X Marks the Paleopathology Spot

The case, the first known account of septic arthritis in a dinosaur, was published today in Royal Society Open Science, complete with scans that capture the horrific nature of the condition. Septic arthritis is basically a super ugly inflammation of a joint. Bacteria that cause the infection either get there through the bloodstream or are introduced when something pointy (like, oh, I dunno, say, a carnivore's tooth) breaks the skin. The infection destroys cartilage in the joint and over time causes all manner of bony deformity.
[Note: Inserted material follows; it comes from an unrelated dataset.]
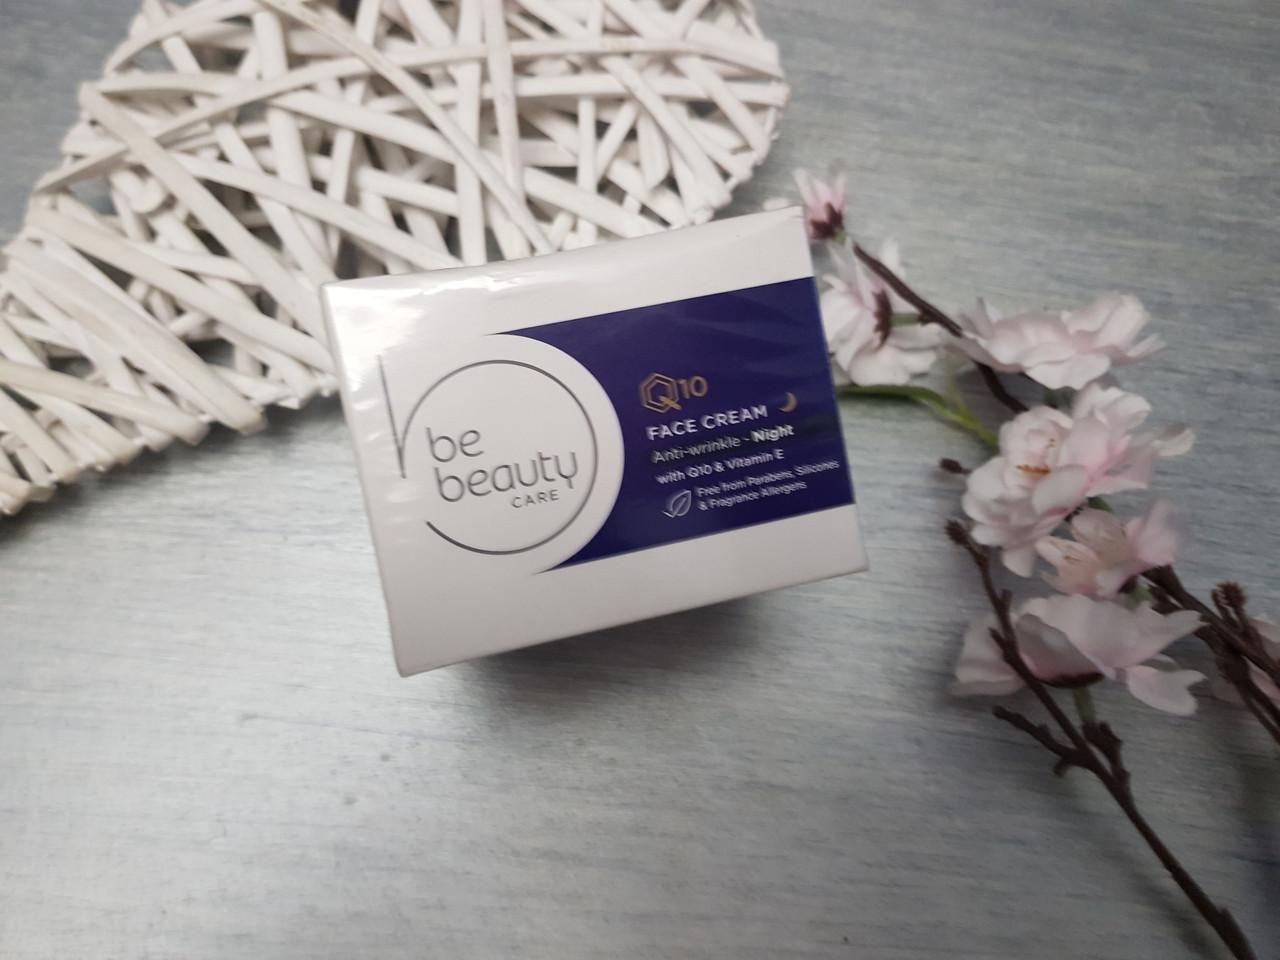 Восстанавливающий ночной крем против морщин  Be Beauty care Q10 Витамин Е  50 мл

X-ray microtomography (XMT) scans reveal the extent of septic arthritis in the elbow end of a hadrosaur radius. Credit: Jennifer Anne. In the above XMT image of the radius, the lettered red lines on the left indicate location of the cross-sections. Cross-sections A and B show how growths have completely distorted the bone nearest the elbow joint. In C and D, the normal shape of the cortical bone is still visible — outlined in red — but it's clear the infection has caused deformity here, too. Scans of the ulna revealed similar damage, described in the study as having a "cauliflower-like texture" in some areas. According to the researchers, the extent and severity of the condition suggests the dinosaur had the painful infection for a while. Poor guy, born just 69.99999 million years too early to benefit from antibiotics.
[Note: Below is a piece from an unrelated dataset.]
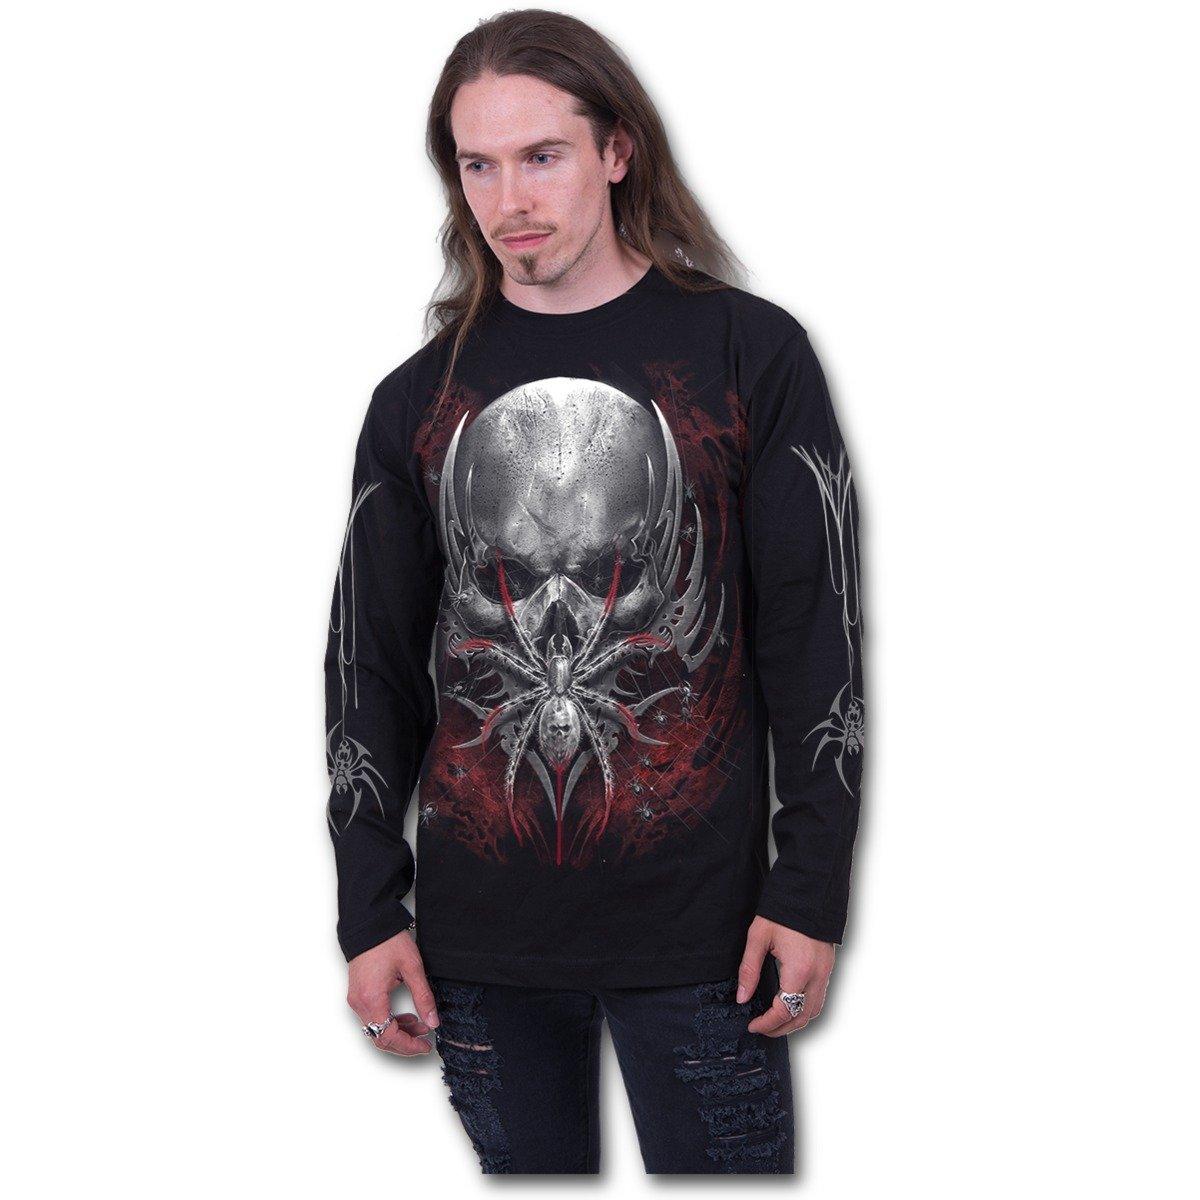 Spiral Spider Skull - Longsleeve T-Shirt Black Spiral Direct Ltd D073M301

I Pity the Fool with Pyrite Disease

Only the ulna (about 26.5 inches long) and radius (21 inches) of the unfortunate hadrosaur have been found. They were unearthed at a site in New Jersey that has yielded the fossils of other animals. Alas, many of them, like Septicsaurus here, have a kind of fossil pathology: pyrite disease. This condition occurs when pyrite, or "fool's gold," gets incorporated into the bone during fossilization. If the fossil is subsequently exposed to high humidity, it becomes incredibly fragile and prone to crumbling to dust, which is not a bonus if you're trying to study it. Thanks to XMT scans, however, researchers were able to study the fragile fossil and document the condition without any, shall we say, dust-ups. Septic arthritis shows up today in birds, descendants of dinosaurs, and also crocodiles, distant dino-relatives on the archosaur family tree. It also occurs in puny humans, so consider the hadrosaur's hardship a cautionary tale to get that sore elbow checked out.